Anthropometrical considerations

When designing a cockpit the manufacturer needs to ensure that the pilot can be seated comfortably, can reach all the required controls and can fit through the normal and emergency entry and exit routes. This presents a considerable challenge to the designer because of the extreme variability of the human body. None of us are identical (some twins excepted!) and even when individuals are of the same height they may have very different measurements for body parts such as thigh length, functional reach, etc. A considerable amount of research has been conducted into the anthropometrical measurements of pilots. For example, surveys have been conducted of RAF aircrew [7.3 and 7.4] and these have been used as the basis for the design requirements of UK military aircraft [7.1 and 7.5]. It is worth noting that there is also considerable variation between different groups in a population, and between the populations of different countries so that cockpits designed to suit the mean of one ethnic group may not be ideal for another.

The designer could use the average measurements of the intended pilot population for each body part in his calculations. This would be better than designing for one or other extreme of size but would still mean that pilots larger or smaller than the average (in effect just about everyone!) would have difficulty in fitting into the cockpit or reaching the controls. To overcome this problem the designer usually provides a range of movement for the seat and yaw pedals. On some occasions an extreme percentile determines the design, for example the door opening must allow the largest pilots to fit through. The range of sizes that the designer must cater for has increased in recent years as more women, who are generally smaller, have entered the previously exclusive domain of male pilots.

7.2.3 Controls

The helicopter cockpit incorporates a plethora of switches and controls, each of which must be designed carefully to assist the pilot when operating the aircraft. Switches must be easy to locate, identify and operate under all conditions. There are a number of means at the disposal of the manufacturer to achieve these design aims. Switches can be grouped together by function, such as locating all electrical controls on a single panel. Alternatively they may be grouped according to task, such as having all the controls required for engine start located together and arranged in the order in which they will be used. The frequency with which a control is used is also a factor in deciding its location, so that frequently used items are located where they can be operated by the pilot most easily. Less commonly used items can then be located in the less convenient positions, however, some infrequently used controls are of great importance and must therefore be particularly easy to locate. Controls associated with emergency actions are the prime examples of this. For example, fuel cut-off levers and engine fire extinguisher buttons may be used only very rarely but must be as easy as possible to locate, identify and operate in the case of an emergency.

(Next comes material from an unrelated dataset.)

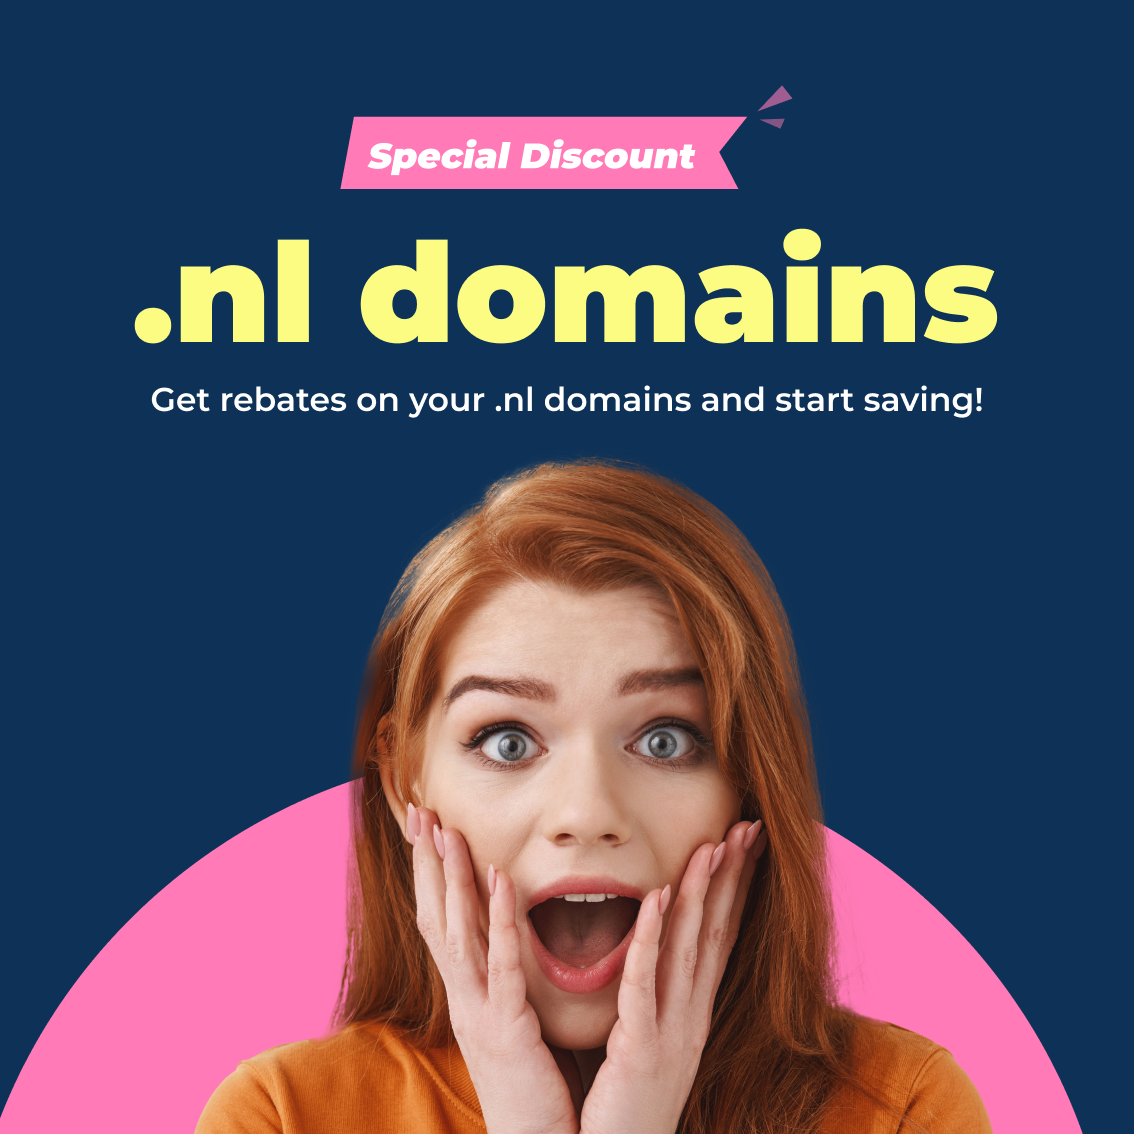 nl-domain-discount-get-up-to-8-in-rebates-openprovider

Identifying the function of a switch or control and identifying the purpose of its selection positions are important aspects of design and assessment. The pilot must be able to identify a control quickly and accurately even when he or she is tired, busy or frightened. Furthermore the effect of selecting each position on the switch or control must be immediately apparent. To achieve these aims, switches and controls have to have correct labelling which can be read under all circumstances. For example, if the aircraft is to be operated at night the labels must have adequate illumination. It is also often necessary to provide more feedback about the status of a selected system than merely the position of a switch. This can take the form of lights or indicators to show that the system has been selected and is operating. The marking of controls associated with emergency actions such as door jettison handles and an underslung load jettison switch is an area where clear marking is essential. For this reason all specification documents that cover cockpit layout lay down in some detail the size, colours and position of markings for these controls.

The designer must give the pilot control over all the aircraft systems which means that he or she can close down engines, discharge fire extinguishers, disengage flight computers and jettison parts of the aircraft or its cargo. Clearly a lot of design effort must be made to ensure that these events only happen intentionally. Aviation history is littered with examples of aircrews who have made inadvertent or incorrect switch operations, often with disastrous results. There are a number of steps that can be taken to minimize the chances of this happening. Where inadvertent operation is likely to have a serious consequence controls may be provided with gates or guards which require a conscious action to release or pass and operate the control. Electrical interlinks to disable a switch if the system configuration is not correct can also be employed, such as weight-on-wheels switches to disable undercarriage selectors when the aircraft is on the ground. Other methods of minimizing inadvertent operation include covers, catches, recessing, wire locking or any combination of these.

Designers can also ensure that it is easy to discriminate between switches by using different shapes, colours, sizes and even textures. A cockpit full of identical switches may look good in the manufacturer’s brochure but it will spell disaster for the operational pilot. A good example of the use of shapes is the Westland Sea King autotransition panel, which employs a triangle, a cross and a bar to allow discrimina­tion between three controls at night.

The distance between controls and their method of operation are also important factors that must be considered. For example, locating a heater control next to a fuel jettison lever would clearly not be sensible particularly if both controls operated in the same sense.

A well designed system will give immediate feedback of the system status independent of switch position. For example, if a fuel boost pump is selected on, an indicator could change from red to show a white line completing that part of the fuel system schematic. On a less sophisticated system the pilot has to use the selection position of the switch itself to gain information about the system status. This can add significantly to the pilot’s workload and can also lead to errors, particularly for switches with multiple selections and those located further away from the pilot. Illumination of remote or integral lights and the use of indicators are the most common way of achieving status feedback.